Добавить в цитаты Настройки чтения

Страница 33 из 101

Тут самое время вспомнить о другой удивительной выставке, которая была организована в Германии в середине 90‑х годов, то есть сравнительно недавно, и с небывалым успехом демонстрировалась в нескольких странах, в том числе и в Москве. Ее экспозиция была посвящена искусству и культуре гитлеровской Германии и сталинского Советского Союза. В нашей столице она была развернута в залах Музея изящных искусств имени Пушкина. В каждом из них на одной стене располагались немецкие экспонаты, на другой, напротив, – наши, советские: картины, графика, скульптуры, театральные макеты, книги и т. п. По обе стороны посетители могли видеть одно и то же – культуру и искусство тоталитарного общества, порабощенных людей. Зловещее было сходство! Этим выставка и прогремела на весь мир… За несколько десятилетий своих поездок по разным странам и континентам я посетил множество выставок, но именно эта потрясла меня больше других, оставив после себя такое же впечатление, как это было после посещения Освенцима, самого страшного из гитлеровских концлагерей.
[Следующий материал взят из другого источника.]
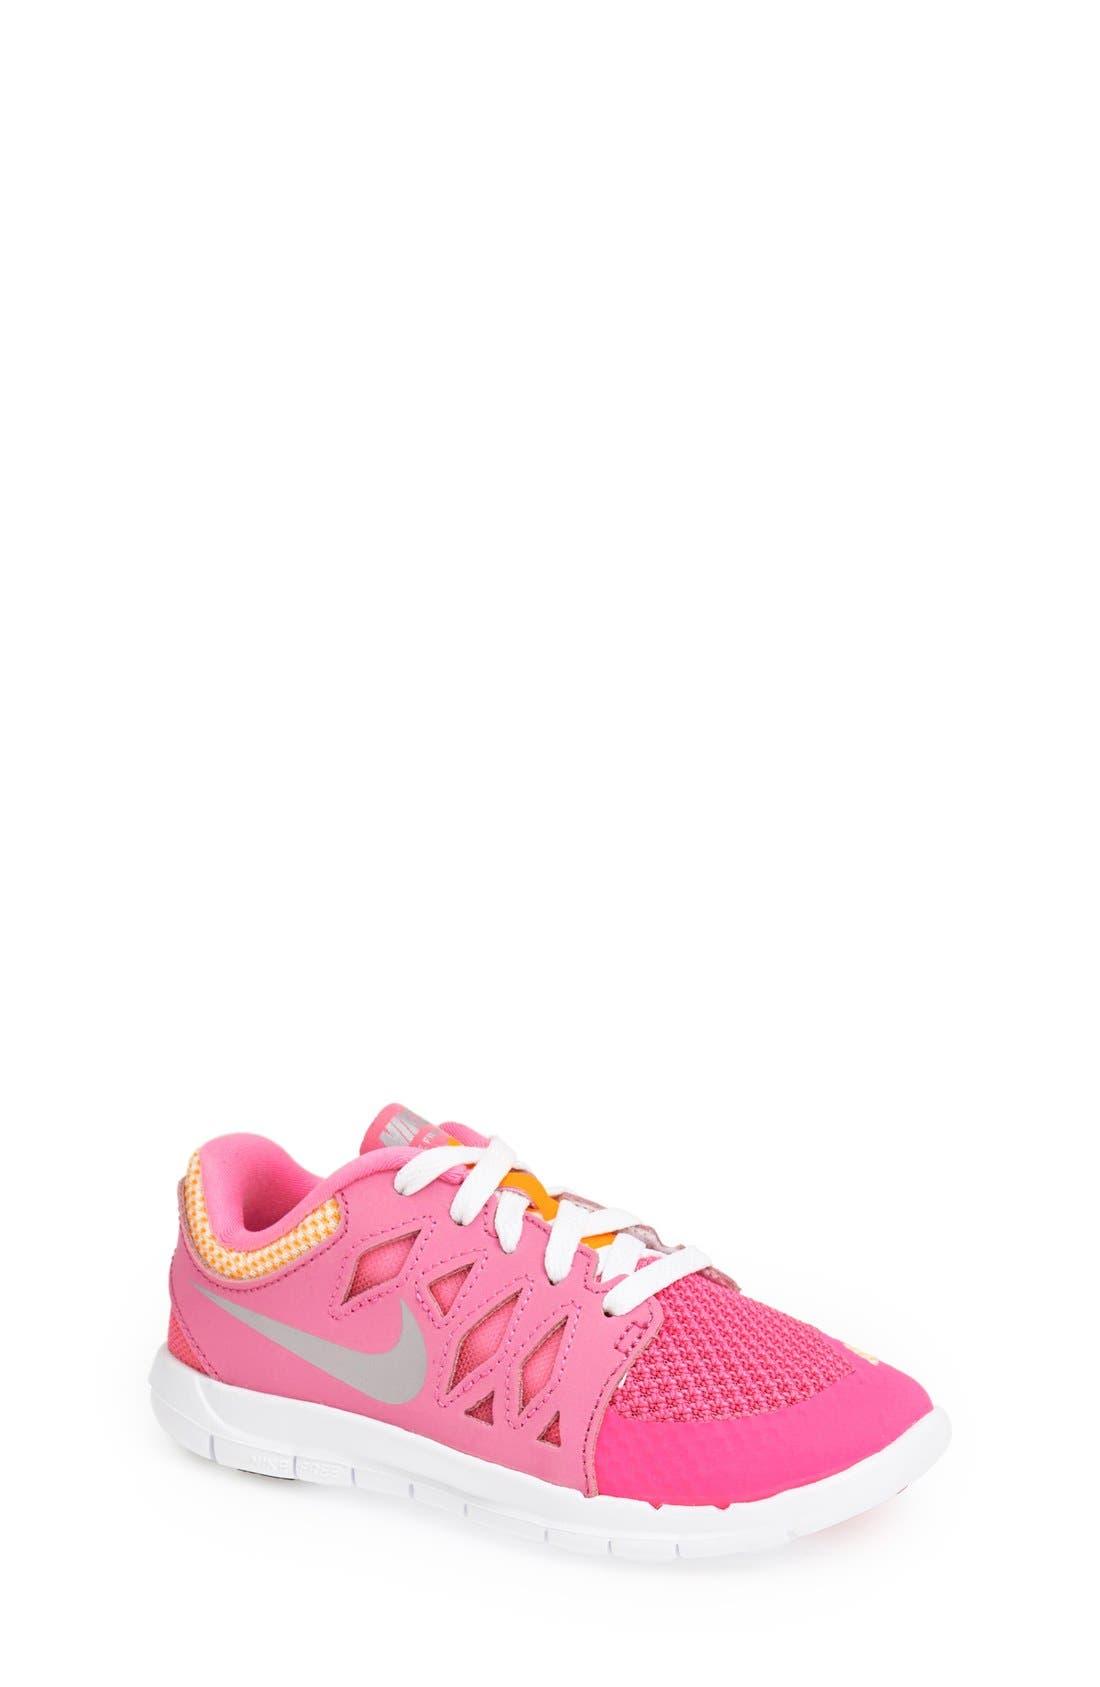 Alternate Image 1 Selected - Nike 'Free 5.0' Running Shoe (Toddler & Little Kid)

Продолжая тему увлечения фюрера архитектурой, остается сказать, что он был верен своей главной привязанности аж до середины Великой Отечественной войны и отдавал много времени Шпееру и их совместным проектам, по‑прежнему выделял средства на реконструкцию Берлина и на осуществление других архитектурных замыслов. Но все же время взяло свое. Фюрер ценил в Шпеере не только архитектора, но и превосходного организатора, и любимый зодчий стал для него последней палочкой‑выручалочкой. Когда наши войска наконец переломили ход войны, фюрер назначил Шпеера в 1942 году министром вооружений, и тот в труднейшей ситуации сумел быстро перестроить военную промышленность страны, резко подняв ее производительность. Можно смело утверждать, что Шпеер продлил сопротивление Германии не меньше чем на год, и это, разумеется, стоило нам и нашим союзникам (и немцам тоже) многомиллионных потерь, каких без Шпеера можно было бы избежать. Это не преувеличение! Один только факт: если взять производство вооружений в Германии в 1941 году за сто процентов, то к июню 1944 года оно возросло до 322 процентов! И это несмотря на постоянные бомбежки Германии и ее блокаду. Английская газета «Обзервер» в апреле 1944 года писала: «По сути дела Шпеер сегодня для Германии важнее Гитлера, Гиммлера, Геринга, Геббельса и генералов. Все они стали своего рода вспомогательными частями гигантской военной машины, которой руководит Шпеер. Причем руководит с максимальной эффективностью в условиях максимальной напряженности…» Сам Шпеер по тому же поводу свидетельствует: «После того, как я пробыл девять лет главным архитектором Гитлера, я вышел на самый верх и занял ни с кем не сравнимое положение. А последовавшие за этим три года, когда я был вынужден заняться совсем другими делами, сделали меня действительно вторым после Гитлера».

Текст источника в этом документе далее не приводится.